We need both to examine that biographical contribution to establishing the authority of this revolutionary leader and to show the role he and his supporters played in disseminating information about his past career. We need to establish which episodes in Kerensky’s life were most frequently exploited, which were ‘edited’, and which were quietly forgotten. Of interest too are the efforts of Kerensky’s opponents, who had their own spin to put on his past.
1 Biography and biographers
In 1917 information about Kerensky’s past life was obtainable from the minister’s own testimony and reminiscences of his contemporaries. Mention of his career was made by politicians, journalists and those drafting resolutions. From these tesserae of the mosaic, people in Russia were able to piece together a reasonably convincing picture of the man. Of particular importance was writing undertaken specifically to familiarize society with Kerensky’s biography.

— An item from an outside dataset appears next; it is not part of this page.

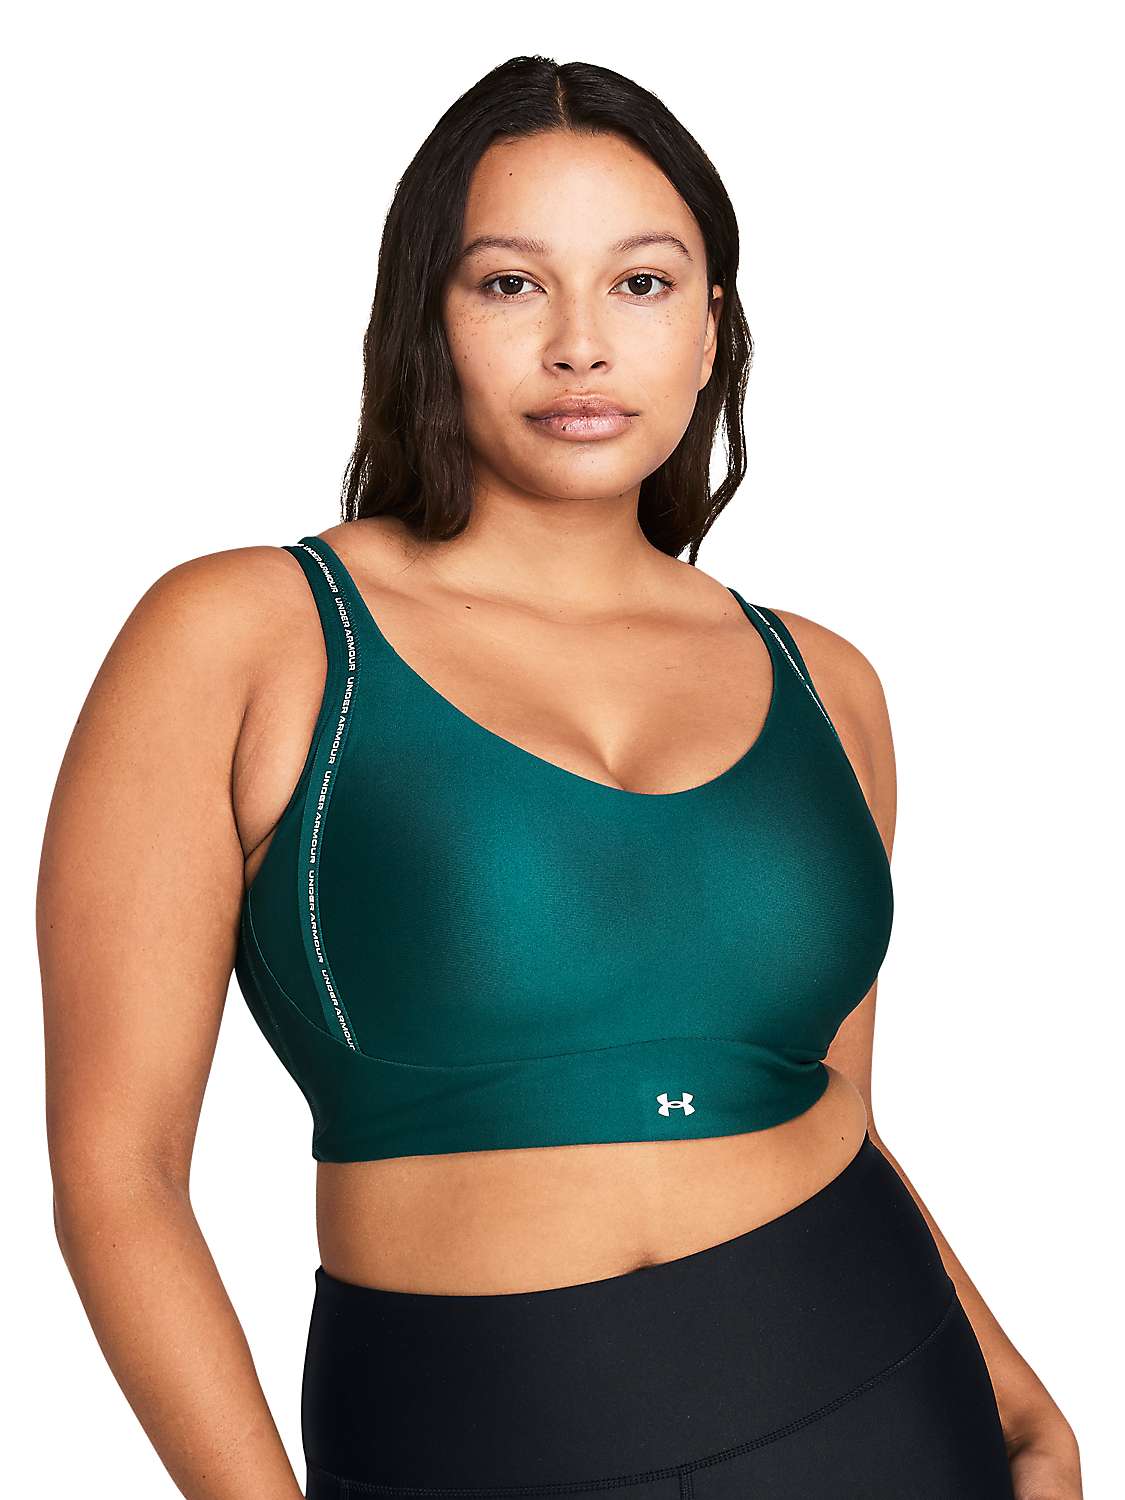 Buy Under Armour Infinity 2.0 Low Strappy Sports Bra, Hydro Teal/White Online at johnlewis.com

There were quite a few reasons why writers and journalists, members of committees and generals might choose to bring up details of Kerensky’s life, to quote his speeches and to recall his actions in the past. Some wanted to bolster the new leader’s authority; others were responding to public demand (there was great curiosity about this suddenly popular politician). Nor can we overlook more mercenary considerations: publishers were prepared to commission writing on a hot topic, and Kerensky was selling like hot cakes. The minister could not directly control every project relating to his biography, but, as we shall see, he and his inner circle did often themselves initiate such writing, helped it on its way, and facilitated its distribution.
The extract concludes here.